Rechtsanwältin Anja Mack, die den Angeklagten verteidigt, ging zunächst auf die Tat und die mögliche Tatentstehung ein. Ihr Mandant wisse auch nicht, was genau passiert sei am 27. Dezember 2024. Er leide unter Erinnerungslücken. Sie sprach von einer „toxischen Beziehung, in der beide nicht mit und ohneeinander konnten“. Mutter und Sohn seien voneinander abhängig gewesen. Dennoch kam es nachhaltig zu Streitigkeiten, welche durch den Alkoholkonsum ihres Mandanten verstärkt wurden und „die ihren Höhepunkt im Tod der Mutter hatten“.
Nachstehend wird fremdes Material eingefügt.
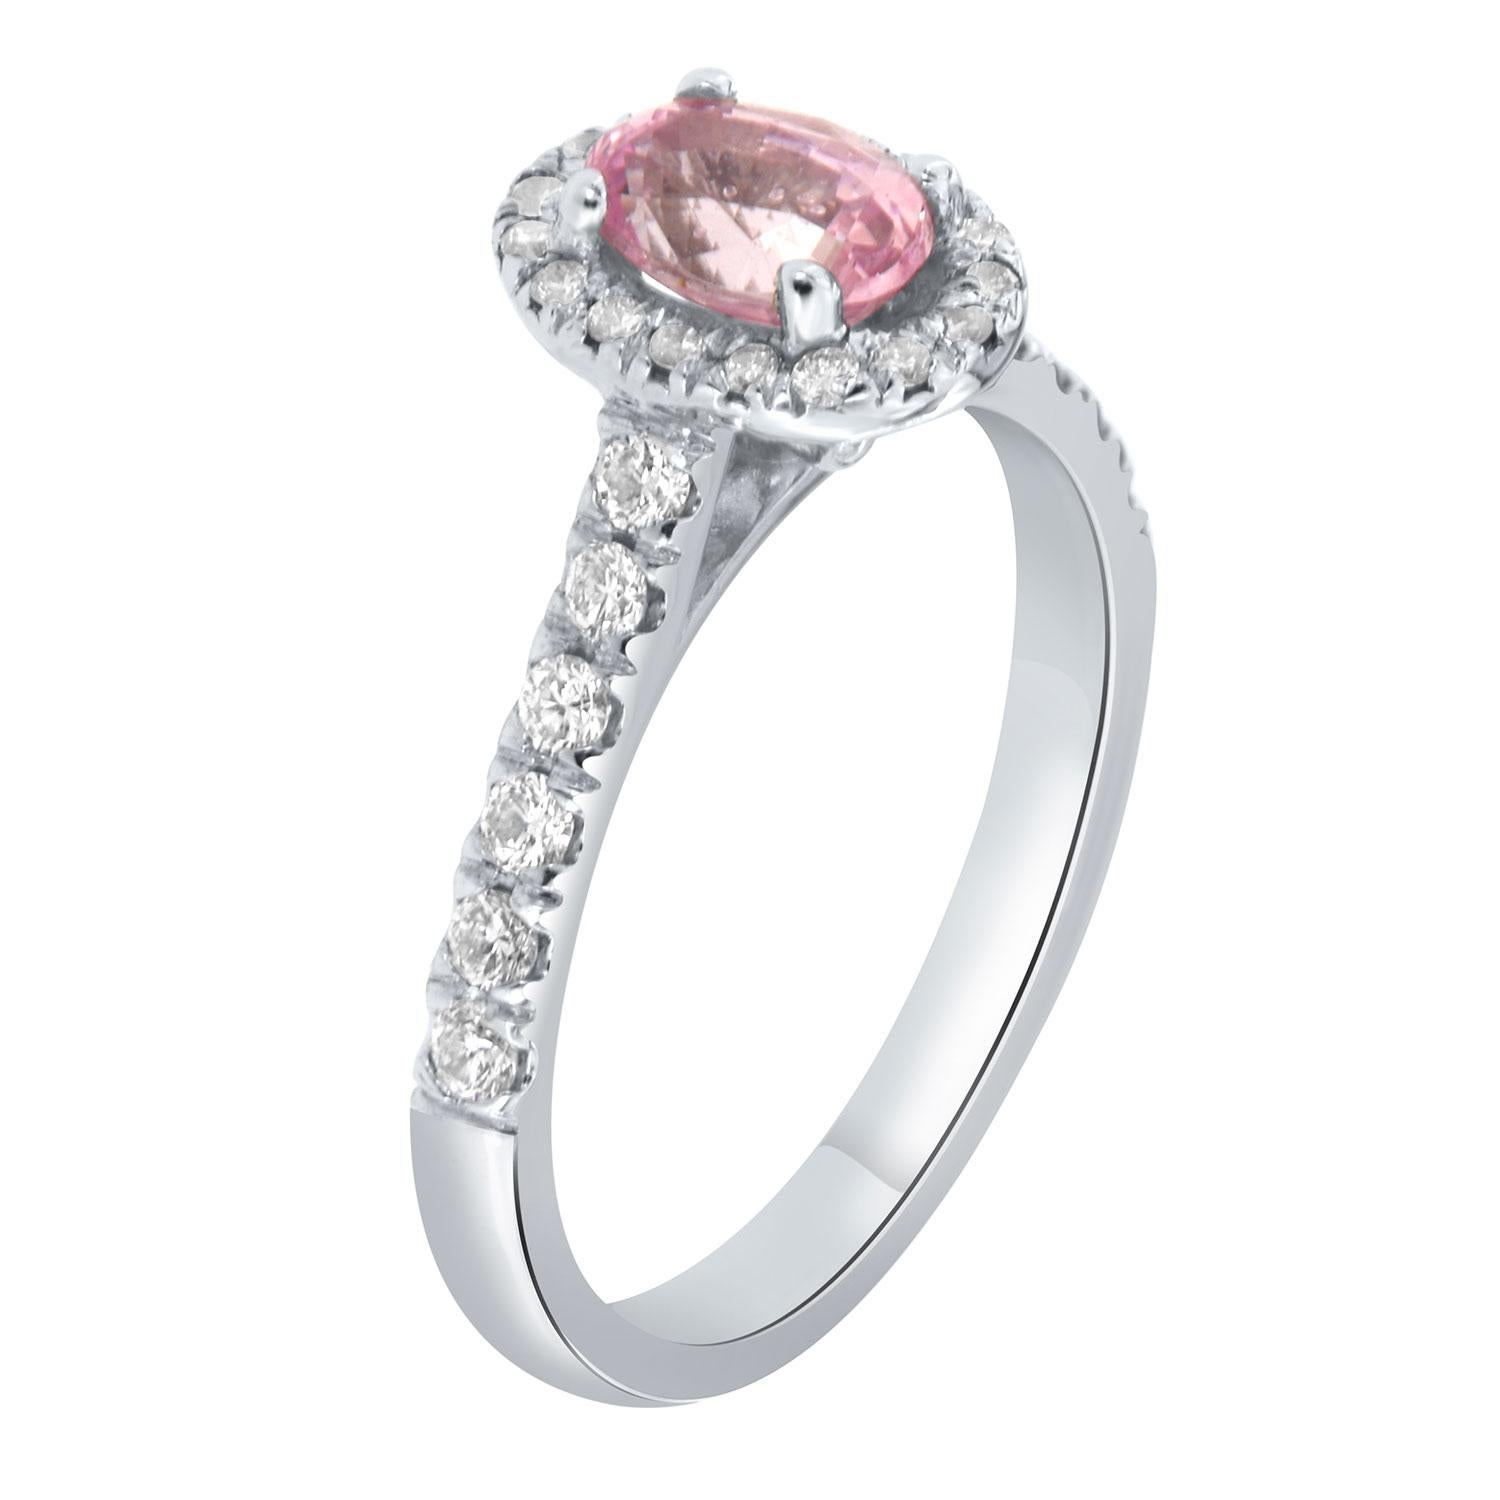 Dieser Platinring zeigt einen nicht erhitzten, runden 1,14 Karat Natursaphir in leuchtendem Rosa mit einem ausgezeichneten Glanz, umgeben von einem Halo aus runden Brillanten auf einem 2,5 mm breiten Diamantband. 
Das Gewicht des Diamanten beträgt

Anzuzweifeln sei die Tötungsabsicht. Der Angeklagte hatte den Tod weder geplant noch beabsichtigt. Vielmehr wurde ihr Ableben billigend in Kauf genommen. Auch das Thema des letzten Streits könne nicht mehr ermittelt werden, doch schließe sie Geld und Erbe als Grund für den Tod des Opfers aus. „Vielmehr ging es um Anerkennung durch die Mutter.“

Im Statement der Großen Strafkammer ging Vorsitzender Richter Bernhard Lang auf die persönlichen Umstände des Angeklagten und den möglichen Tathergang nochmals ein. Die Tötung sei vom Angeklagten nicht geplant gewesen.

Allerdings habe der 66-Jährige gewusst, dass er seine gebrechliche Mutter mit seinen Handlungen der Lebensgefahr aussetzt. Er habe seiner Mutter nicht mehr zuhören und sie „zum Schweigen bringen“ wollen, so Lang weiter. Die Intensität und Dauer der Gewalteinwirkung sei allerdings nicht erklärbar.

Seine nachträgliche Reue sei für den Fall unerheblich, es komme auf den Moment der Tat an. Abschließend sagte Bernhard Lang: „Von den vielfach zitierten zwei Gesichtern des Angeklagten hat sich das gefährlichere davon realisiert.“

Da bei dem Mann keine psychologische Störung vorliege, sei der Mann als schuldfähig zu betrachten. Durch die „emotionale Auflastung“ in Kombination mit erheblichem Alkoholkonsum könne die Steuerungsfähigkeit des Angeklagten eingeschränkt gewesen sein.

Somit kam die Große Strafkammer zum Schluss, dass der Angeklagte schuldig des Totschlages ist. Ihm wurde eine Haftstrafe von sieben Jahren und neun Monaten auferlegt. Das Urteil ist noch nicht rechtskräftig.